↓

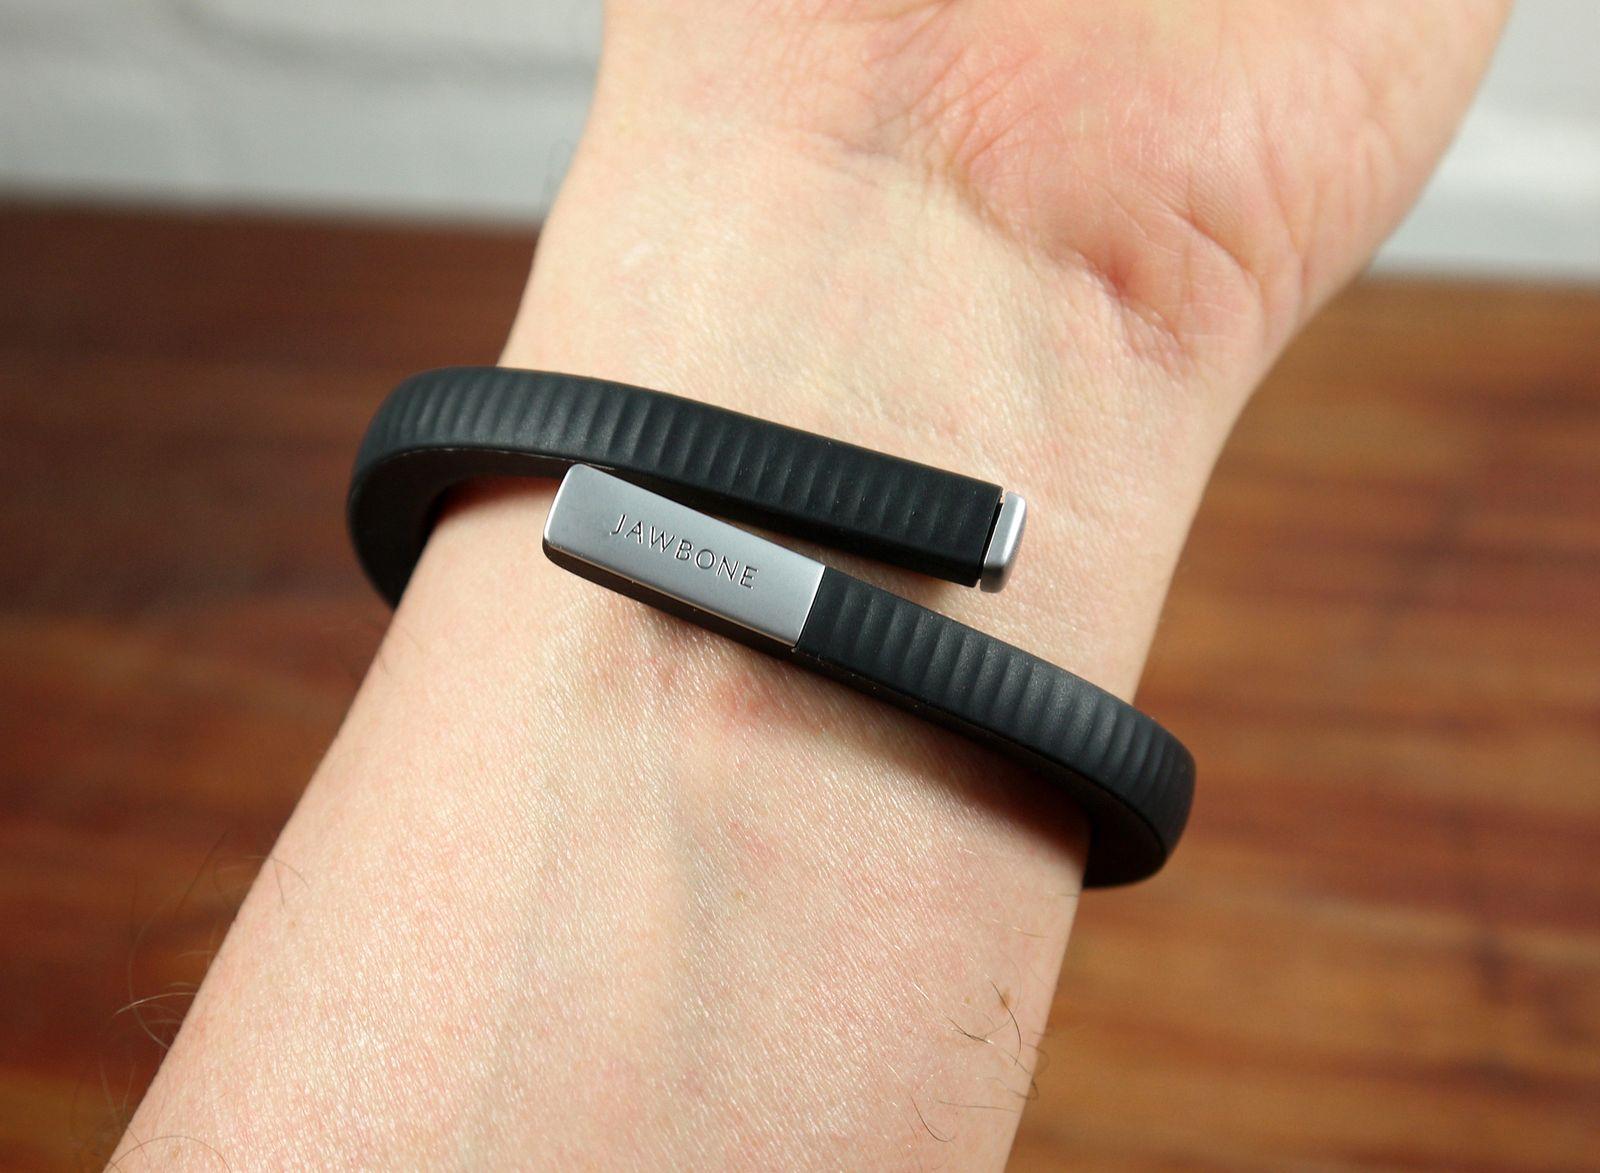 Fitness-Armbänder/ Jawbone Up 24
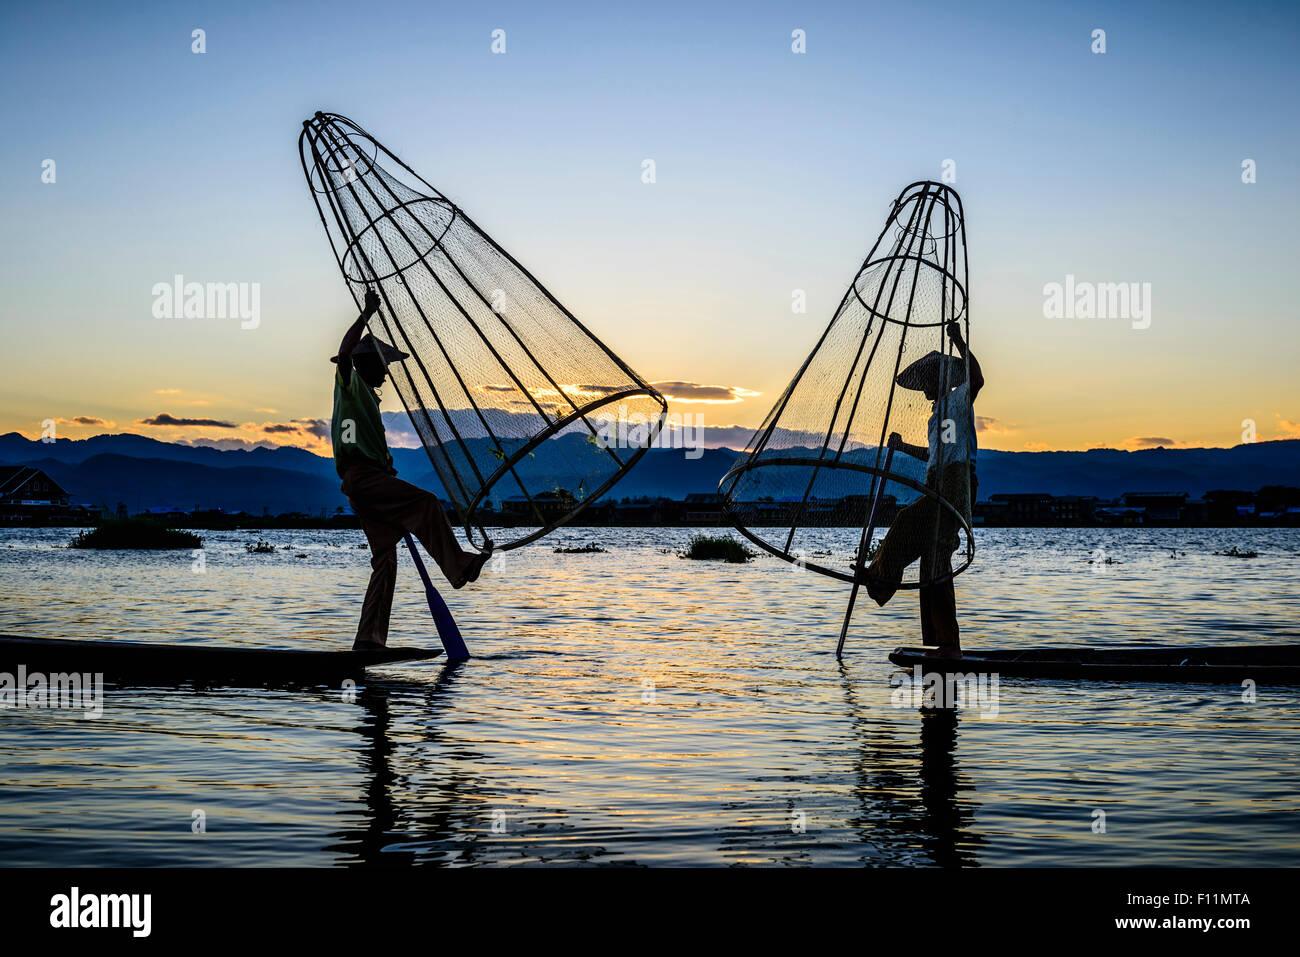 Asiatische Fischer mit Fischernetzen im Kanu auf dem Fluss Stockbild
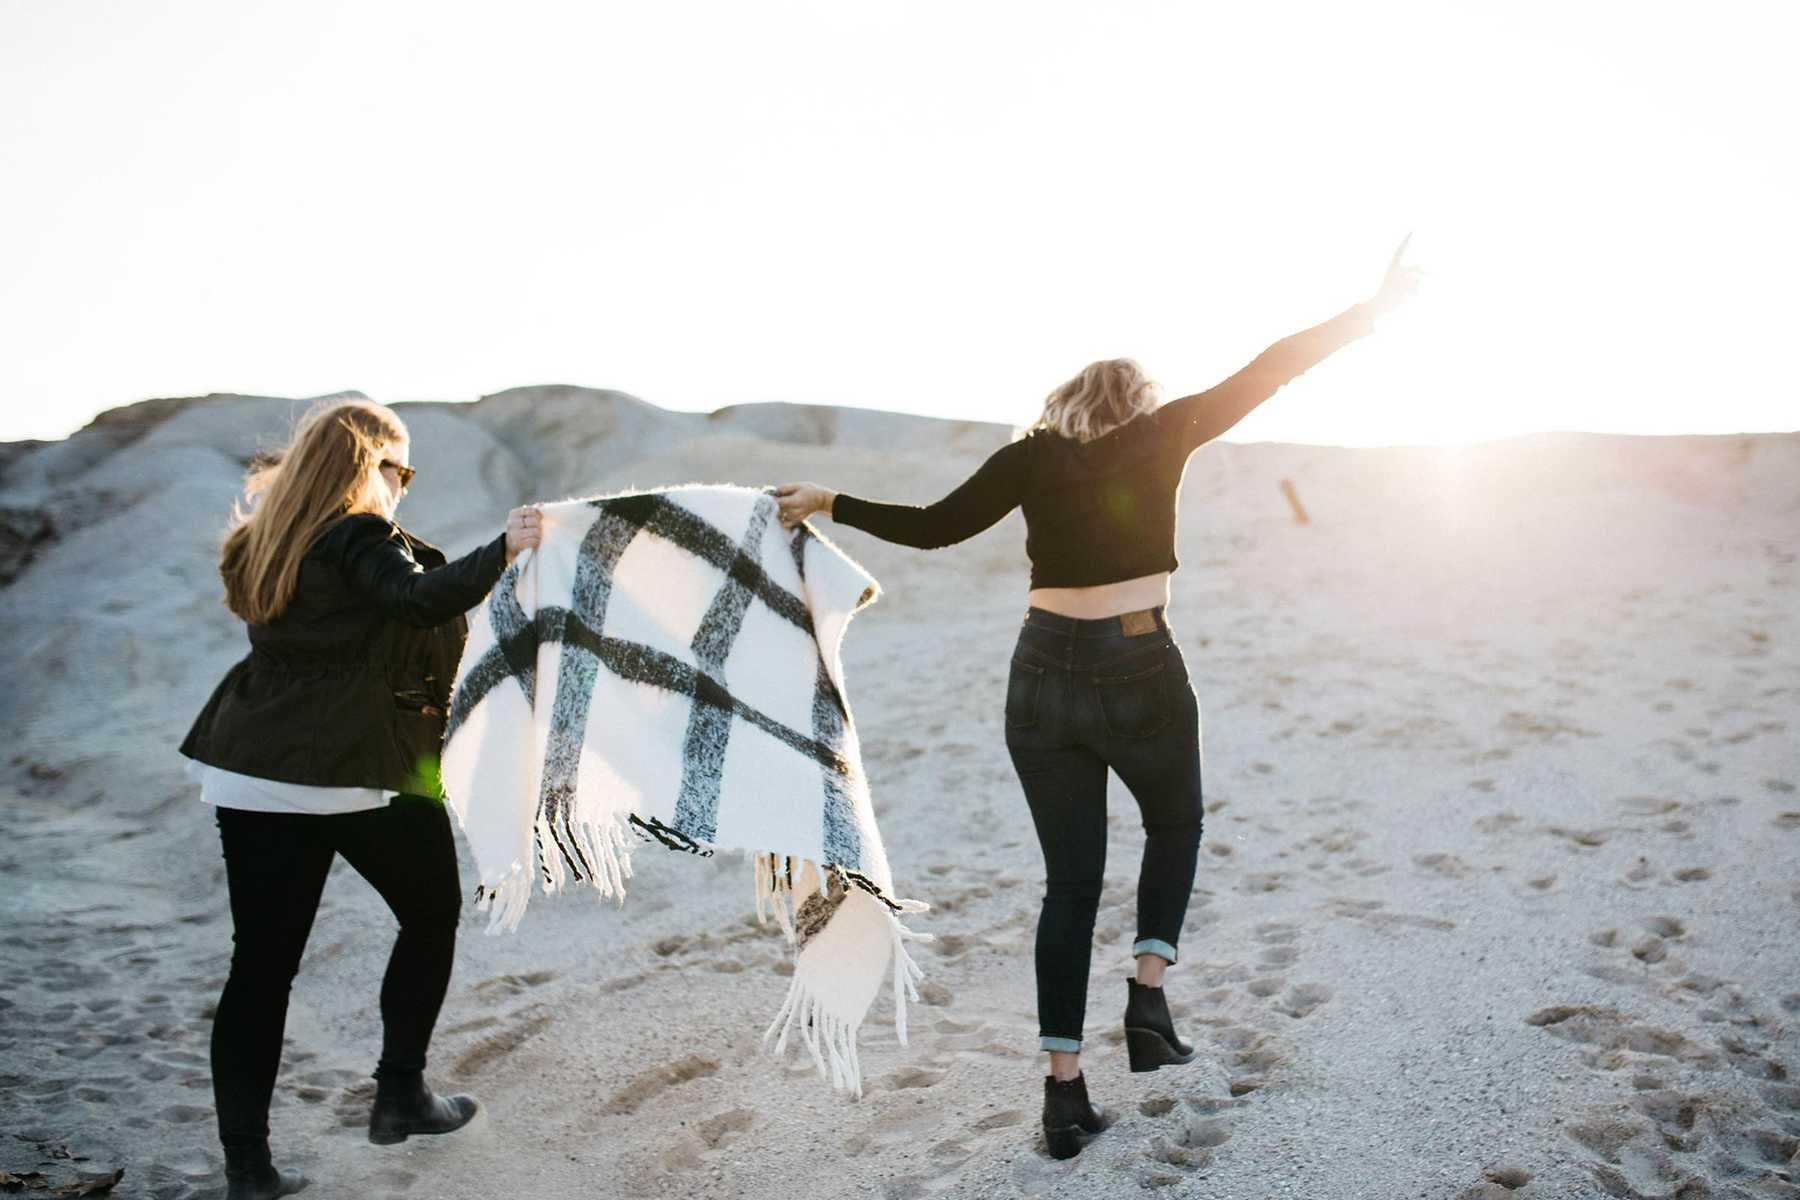 Hình ảnh hai cô gái cùng đi dưới trời nắng
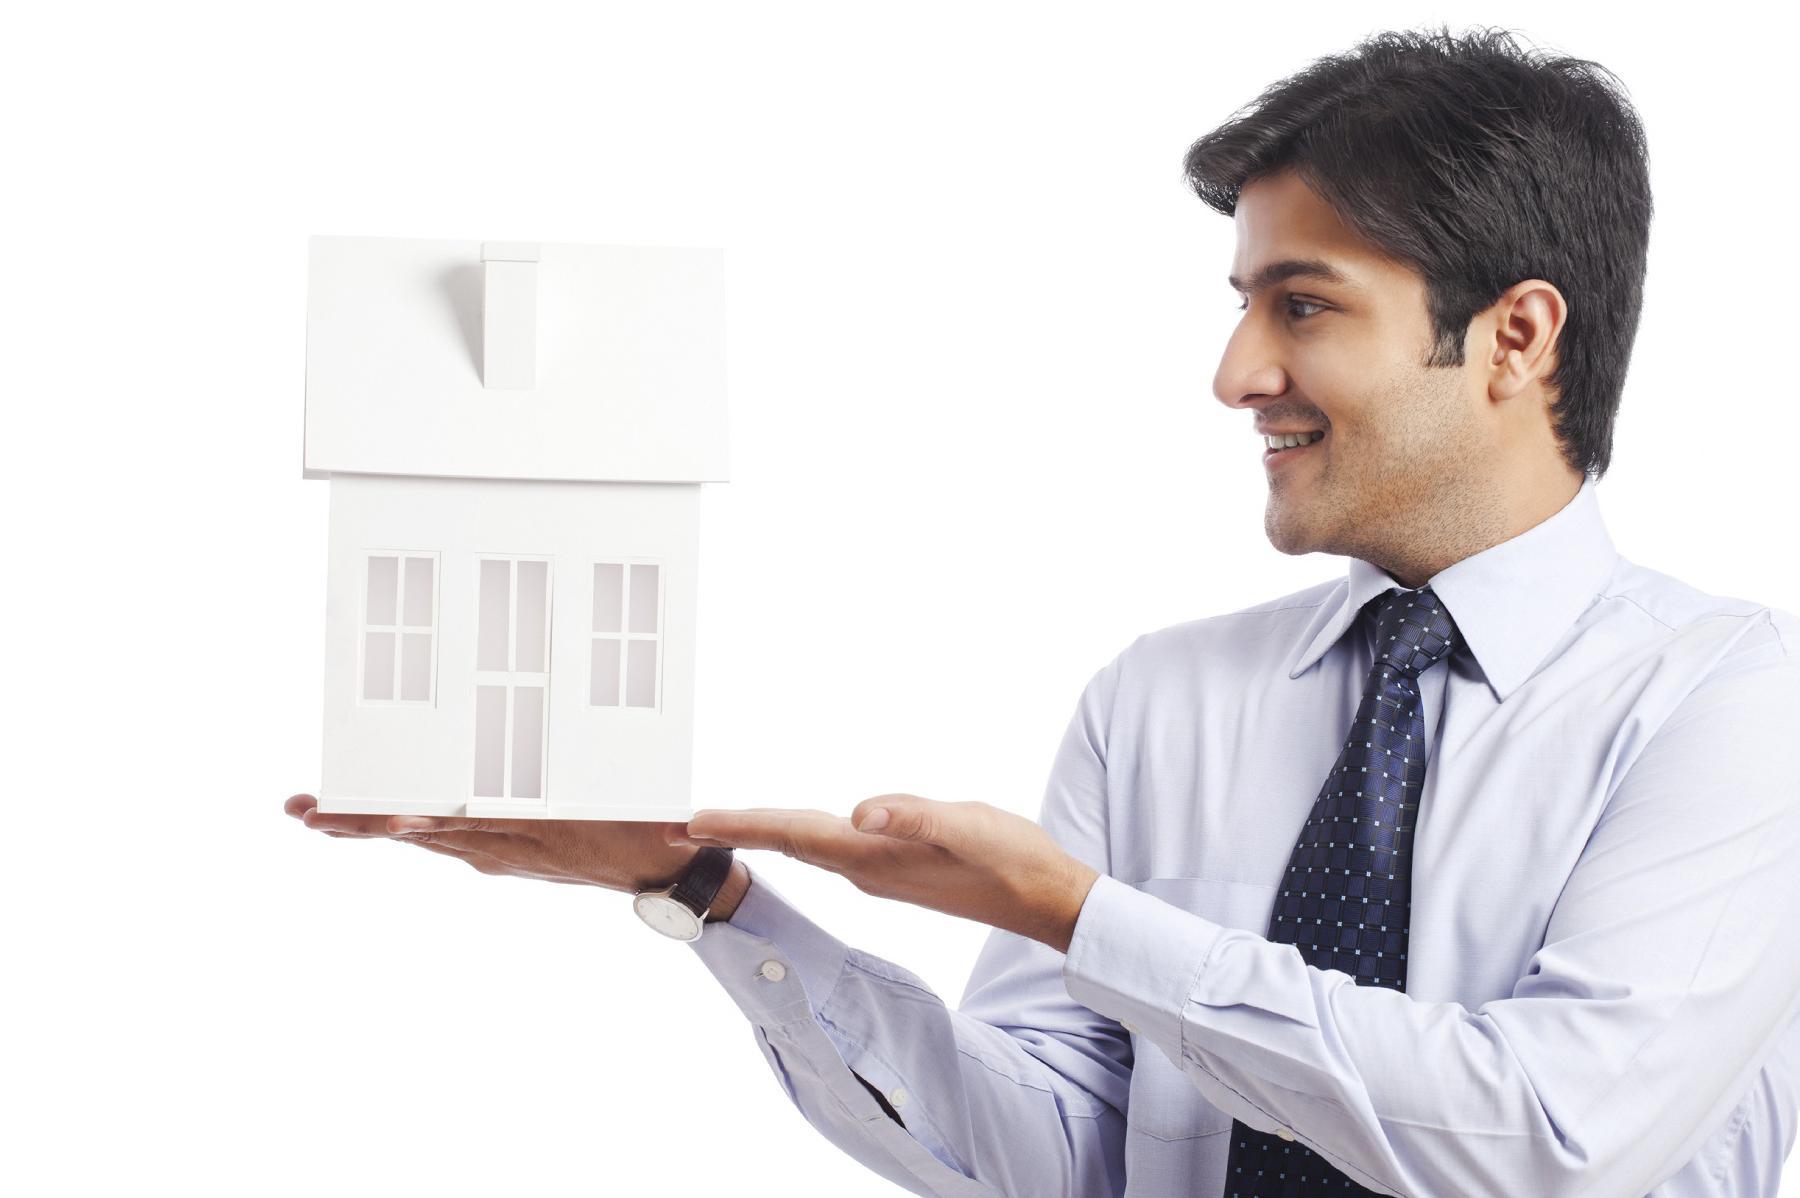 Vente immobilière : Comment je fais pour vendre vite et bien des logements ?

↑

*WORK ITEM*: Each line from the one holding "Hình ảnh hai cô gái cùng đi dưới trời nắng" through the end of the listing is to be output exactly, both ends included, with no other lines and the pictures left out.

*TASK SOLUTION*:
 Hình ảnh hai cô gái cùng đi dưới trời nắng
 Vente immobilière : Comment je fais pour vendre vite et bien des logements ?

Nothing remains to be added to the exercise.